The most common genetic alteration in human prostate cancer (PC) is a gene fusion involving the androgen-regulated TMPRSS2 gene and the coding sequence of a member of the ETS family of transcription factors, ERG, which occurs in approximately half of all human prostate cancers. The TMPRSS2-ERG fusion is not only a prostate cancer-initiating event but is also required for the survival of ERG-expressing prostate cancer cells.

(Data source: Kumar-Sinha C,et al. Nat Rev Cancer. 2008)

November 2023，Nature Communications s published a research paper titled "SND1 binds to ERG and promotes tumor growth in genetic mouse models of prostate cancer". The research protein ERG interacts with the SND1/MTDH complex through the Tudor domain of SND1, promotes the nuclear localization of SND1/MTDH , and significantly enhances the growth-promoting function of prostate cancer cells.

(Article publication information)

ERG interacts with the SND1/MTDH protein complex:

Epitope-tagged ERG was subjected to affinity purification-mass spectrometry (AP/MS) studies, and high-precision mass spectrometry analysis identified 216 putative ERG-interacting proteins, which were confirmed by co-expression and co-immunoprecipitation experiments in HEK293 cells to reveal the protein interaction between ERG and SND1/MTDH.

The Tudor domain of SND1 interacts with the N-terminal domain of ERG:

Co-immunoprecipitation experiments were performed using a panel of recombinant ERG and SND1 fragments expressed in HEK293T cells. The N-terminal region of ERG showed strong binding to SND1. Expression of individual ERG domains revealed that the N-terminal domain of ERG and, to a lesser extent, the ETS domain of the G-cell terminal end of ERG interacted with SND1.
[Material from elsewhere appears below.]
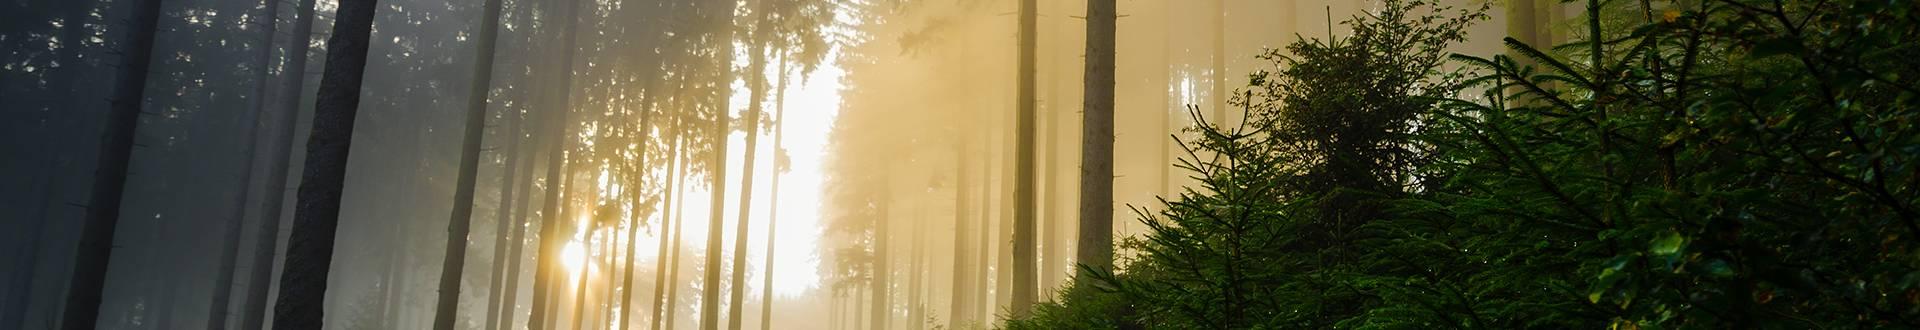 Las podczas wschodu

SND1 is required for ERG-mediated promotion of cell proliferation in human prostate epithelial cells:

Immortalized non-tumorigenic human prostate epithelial RWPE-1 cells were knocked down for endogenous SND1 or MTDH using two independent shRNA constructs for each gene. Knockdown of SND1 or MTDH did not affect colony size in control RWPE-1-GFP cells, but they significantly reduced colony size in RWPE-1-ERG cells. Expression of exogenous ERG increased the size of 3D colonies grown in organoid culture conditions in the presence of Matrigel.

ERG promotes SND1 nuclear localization and stimulates prostate epithelial cell proliferation:

ERG protein was mainly localized in the nucleus, but most SND1 was present in the cytoplasm of prostate epithelial cells. Cytoplasmic/nuclear fractionation of RWPE-1-ERG and control RWPE-1-GFP cells showed that SND1/MTDH levels were significantly increased in the nuclei of ERG-overexpressing cells.

Ablation of endogenous SND1 negatively impacts PC growth in vivo:

They used PB-Cre4/ Pten ^fl/fl/ERG mice, which develop high-grade prostatic intraepithelial neoplasia and prostate adenocarcinoma at a young age (8-12 months after birth). Ablation of SND1 had a significant negative impact on prostate tumor development and growth: prostate weight and prostate cancer incidence were significantly reduced in PB-Cre4/ten ^fl/fl/ERG/Snd1 ^fl/fl mice.

Summary:

This study discovered that ERG interacts with the MTDH/SND1 protein complex and that overexpression of endogenous ERG in prostate epithelial cells increases the nuclear localization of MTDH/SND1 and promotes prostate cell growth in vitro and in vivo. Loss-and gain-of-function experiments revealed a previously unknown ERG-mediated transformation mechanism. These findings also highlight the important role of SND1 in prostate cancer.